Trama: Santiago Nasar morirà. I gemelli Vicario hanno già affilato i loro coltelli nel negozio di Faustino Santos. A Manaure, “villaggio bruciato dal sale dei Caraibi”, lo sanno tutti: presto i fratelli della bella quanto svanita Angela vendicheranno l’onore di quella verginità rubatale in modo misterioso dall’aitante Santiago, ricco rampollo della locale colonia araba. Tutti lo sanno, ma nessuno fa alcunché per impedirlo: non la madre della vittima designata, non il parroco, non l’alcalde, neppure una delle numerose fanciulle che spasimano per il Nasar. E così la morte annunciata lo sorprende nel fulgore di una splendida mattinata tropicale. Ma non per agguato o per trappola: un destino bizzarro e crudele fa sì che la fine di Santiago si compia per un concorso di fatalità ed equivoci, mentre gli stessi assassini fanno di tutto perché qualcuno impedisca loro l’esecuzione. Basato su un fatto reale, Cronaca di una morte annunciata venne pubblicato nel 1981 (un anno prima del Nobel a García Márquez) e, pur nella brevità, rappresenta uno dei vertici della sua narrativa: un romanzo magistrale che sa fondere i toni della tragedia antica con il ritmo di una detective story in una grandiosa allegoria dell’assurdità della vita, l’apoteosi della fatalità.


E’ un libricino piccolo, che nasconde però al suo interno una miriade di emozioni diverse. La storia non è troppo intricata o articolata, ma ogni gesto, anche quello più piccolo, sembra avere un valore incisivo. Ambientata in un piccolo paesino, ci mostra com’erano le dinamiche sociali, la mentalità e , soprattutto, l’importanza dell’onore familiare.

L’atmosfera, a tratti cupa e soffocante, che circonda Santiago, si sente fin nelle proprie ossa. Il fatto che sia destinato a morire, che tutto lo sappiano, che nessuno intervenga, ti rende quasi disperato nel voltar pagina, sperando sempre che intervenga un fattore esterno che ne cambi la sorte. Il lento e inesorabile avvicinarsi della morte è contrapposto alla durezza delle emozioni provate dai suoi assassini, mentre le varie voci degli abitanti del villaggio fanno da sfondo alla vicenda, aggiungendo nuovi dettagli al mistero della colpa di Santiago. Il dubbio, infatti, è sempre presente e fino all’ultimo ci si interroga se sia veramente colpevole oppure sia un ottimo capro espiatorio.

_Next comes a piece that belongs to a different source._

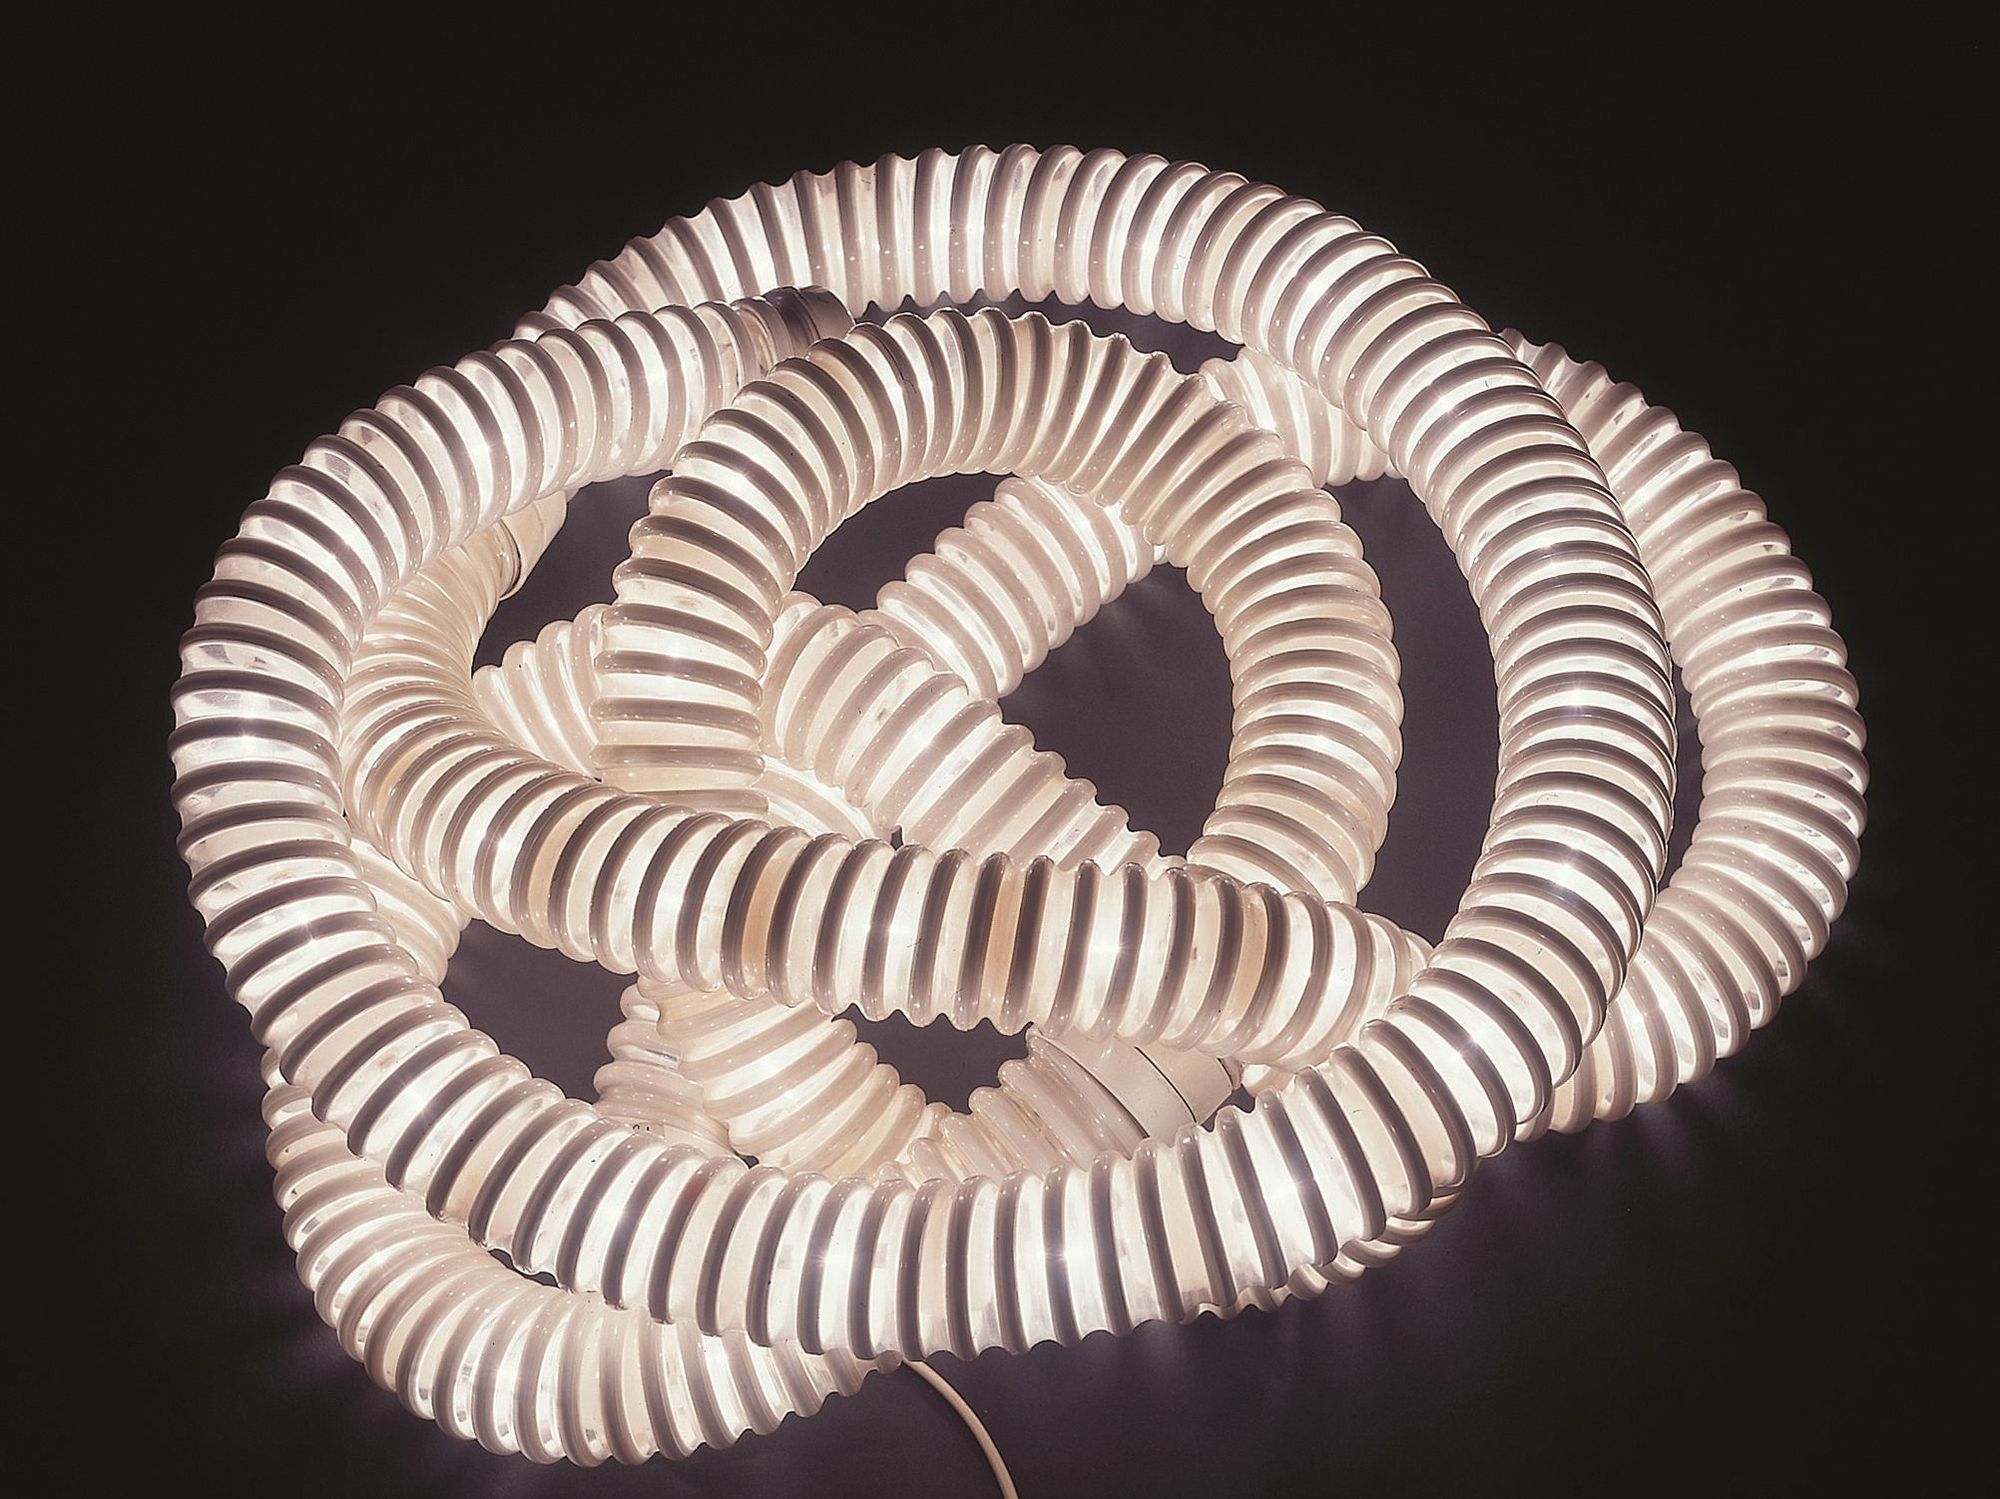 "Boalum Flexible Lamp" by Gianfranco Frattini and Livio Castiglioni, 1970

L’unica pecca, che è soprattutto soggettiva, è lo stile di scrittura. Alcune parti sembrano prettamente giornalistiche, quasi fosse un resoconto di guerra, altre invece erano fin troppo ricche di sensazioni da stordire chi legge. Con il passare delle pagine si prova una certa difficoltà nel riuscire a capire perché nessuno sia intervenuto, stessa domanda che fa filtrare il narratore della vicenda, eppure non si riesce a trovare risposta in nessuna delle ricche descrizioni offerte.

Il libro può essere utile a chi vuole avvicinarsi allo stile di scrittura dell’autore, prima di immergersi nei suoi romanzi più lunghi e articolati.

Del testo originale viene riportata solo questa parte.